Data section:
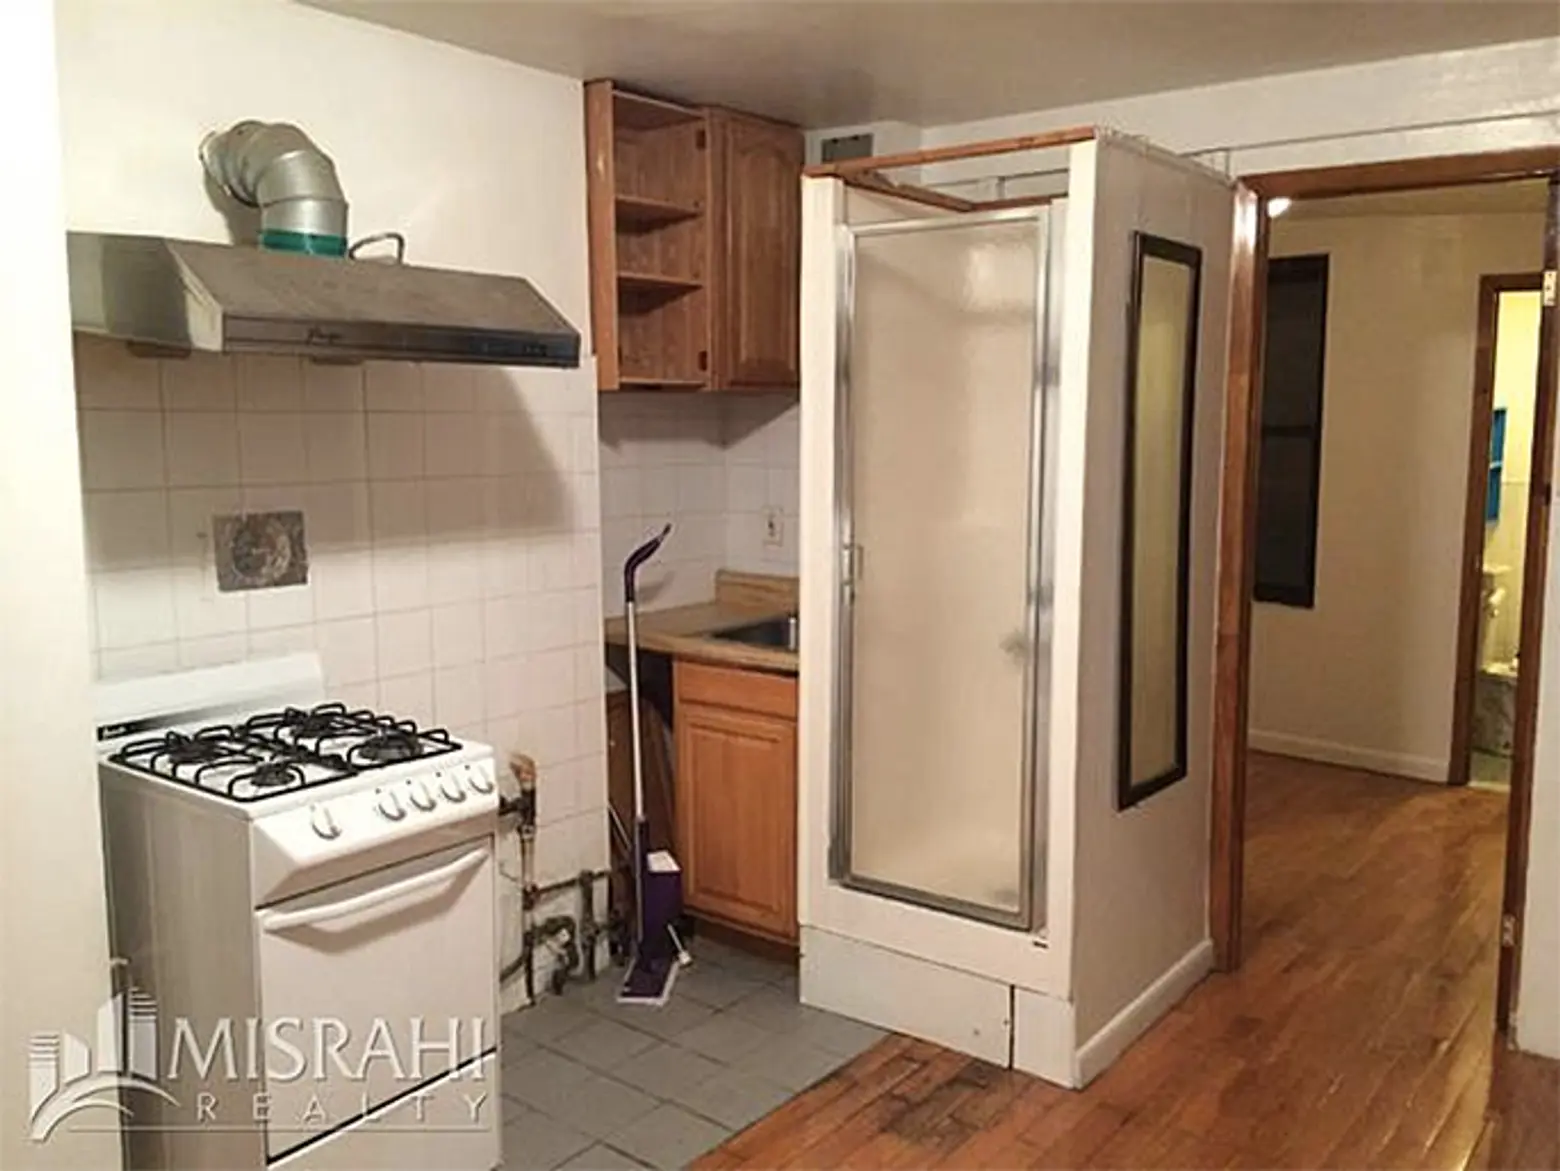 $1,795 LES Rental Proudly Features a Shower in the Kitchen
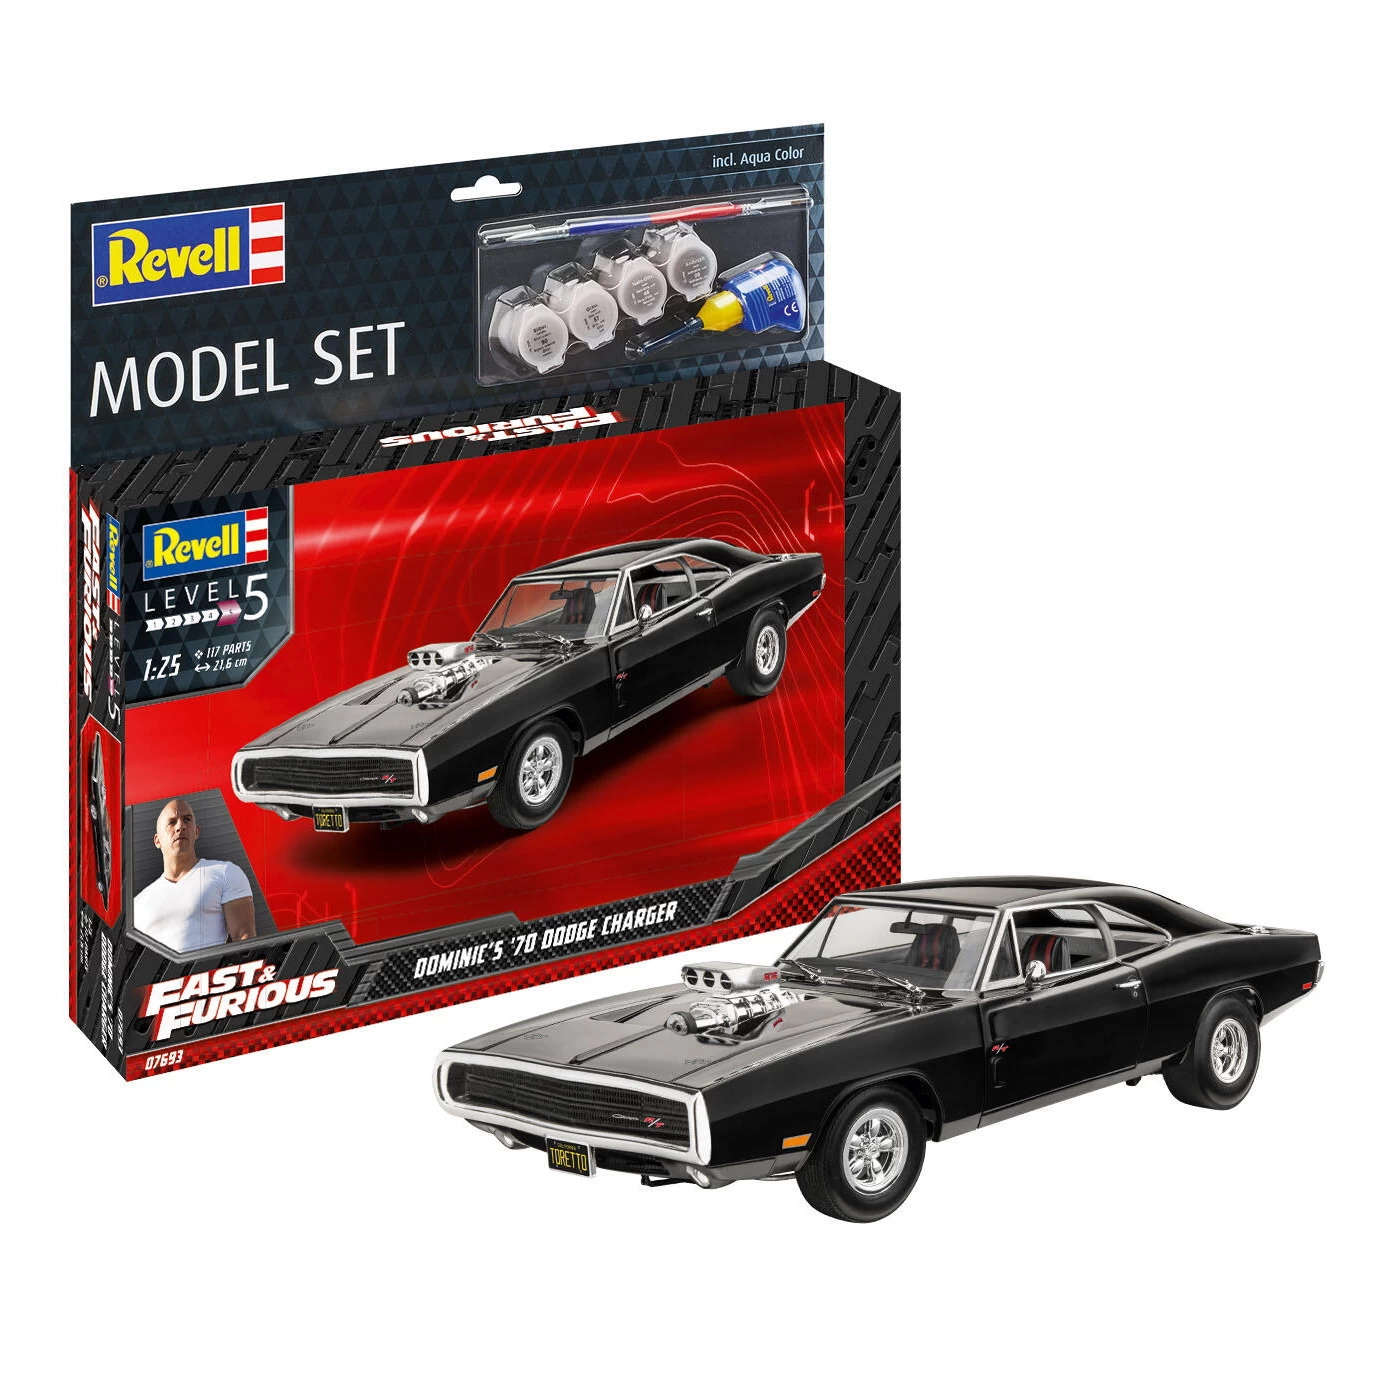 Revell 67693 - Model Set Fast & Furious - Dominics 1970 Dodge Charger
--
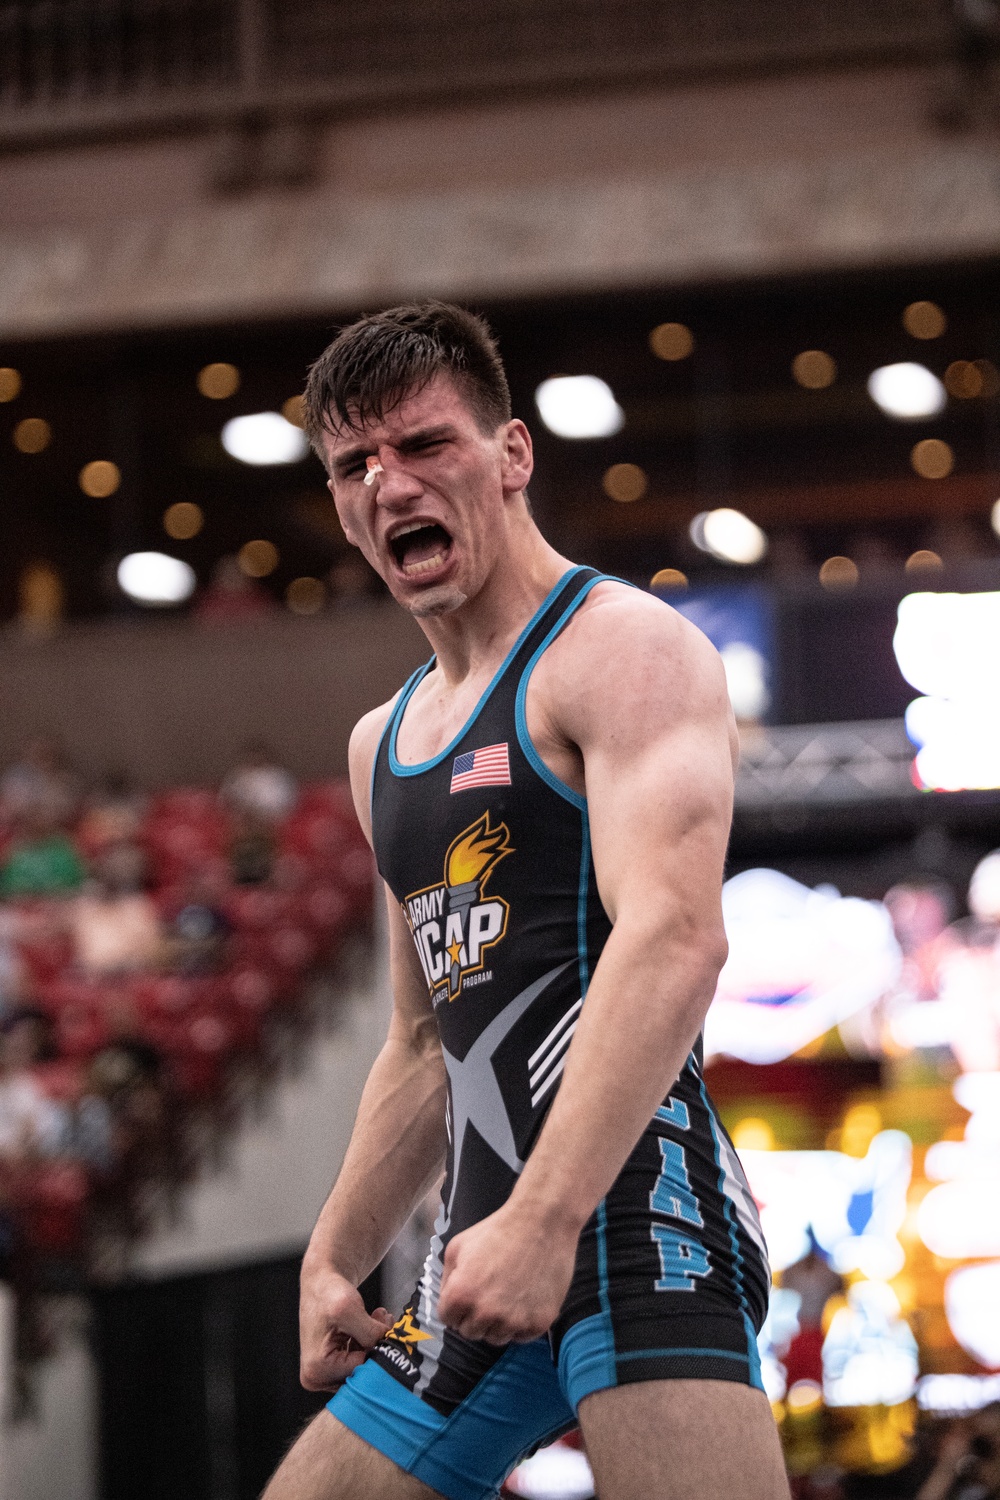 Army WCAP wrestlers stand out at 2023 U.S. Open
--
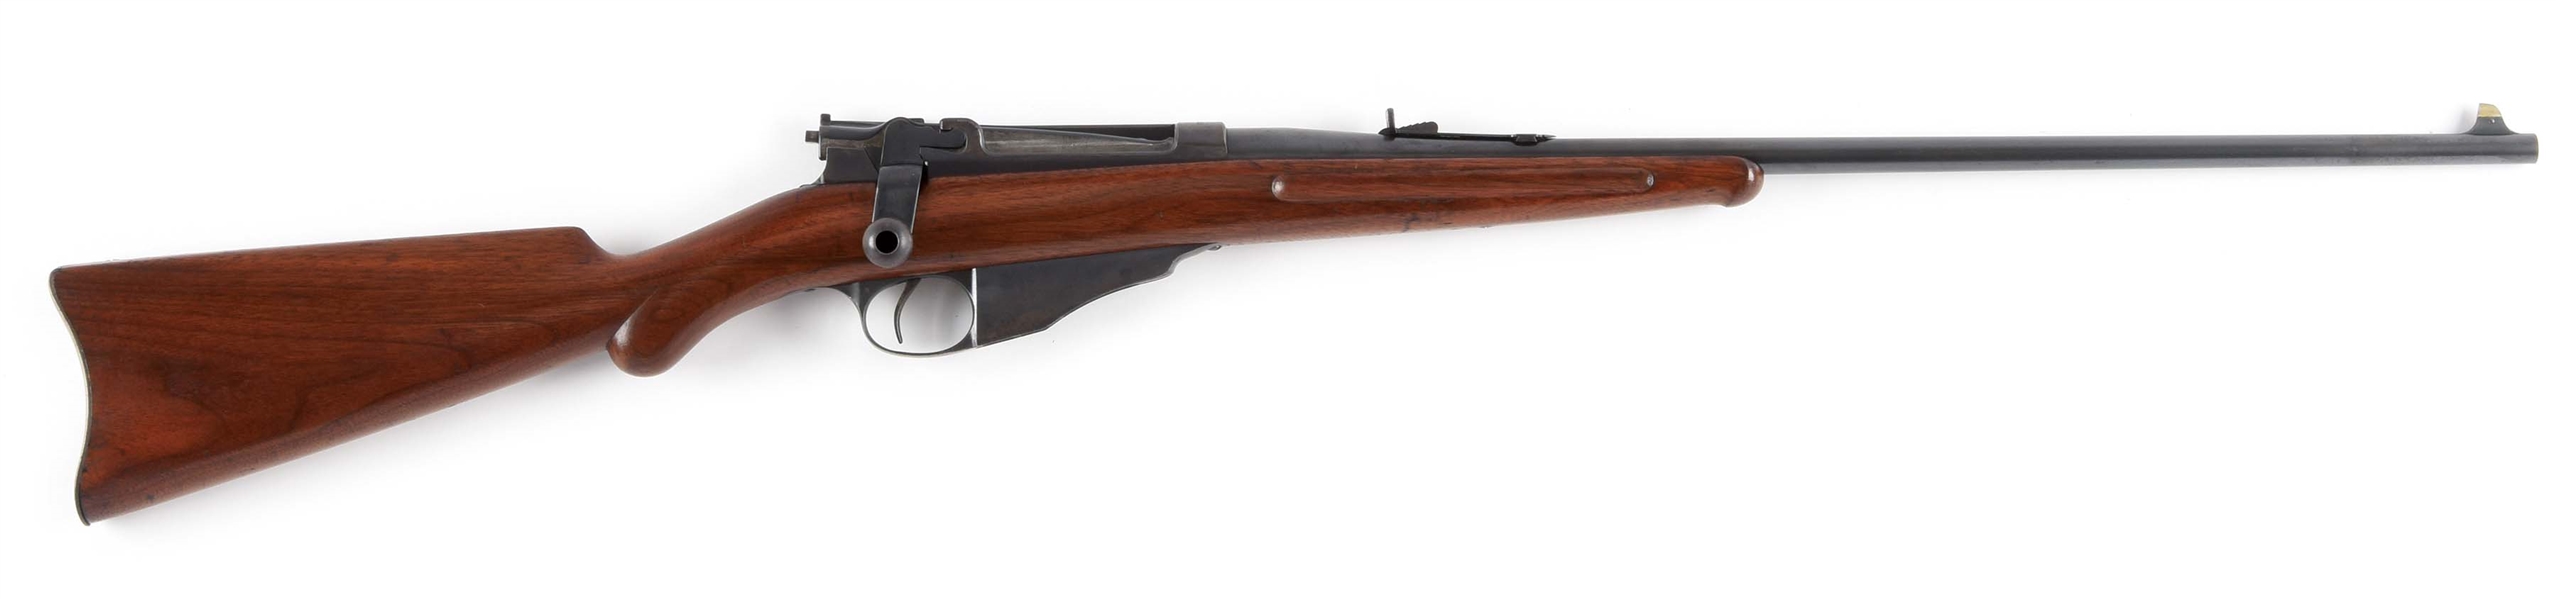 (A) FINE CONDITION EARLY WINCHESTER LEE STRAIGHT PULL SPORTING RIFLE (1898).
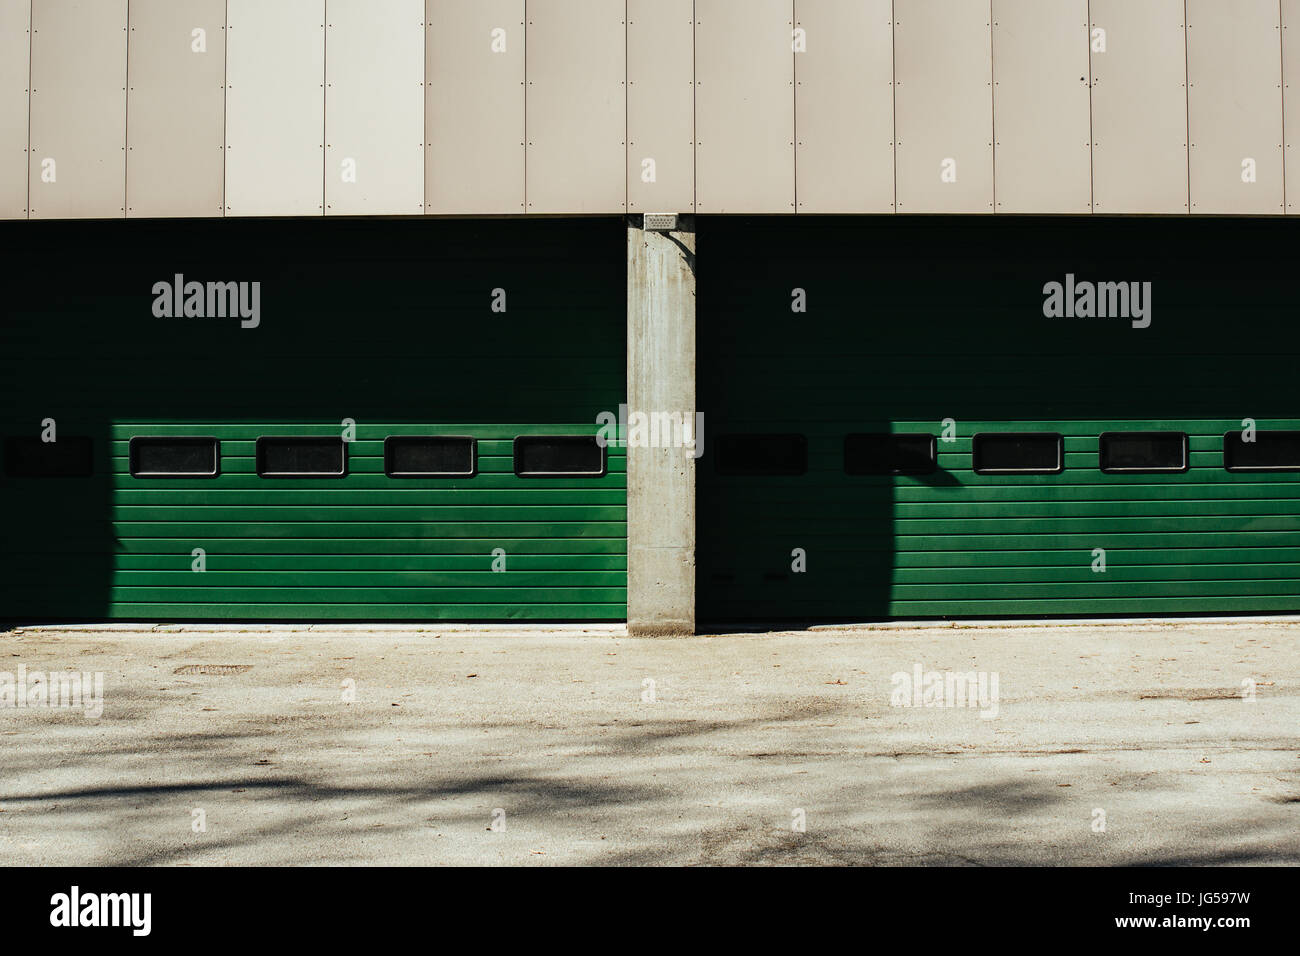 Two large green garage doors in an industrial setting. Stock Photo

Exercise details: Out of the records above, please copy exactly the lines from the line with "in the Kitchen" up to and including the line with "Revell 67693 - Model", minus the pictures.

Answer for the task:
 $1,795 LES Rental Proudly Features a Shower in the Kitchen
 Revell 67693 - Model Set Fast & Furious - Dominics 1970 Dodge Charger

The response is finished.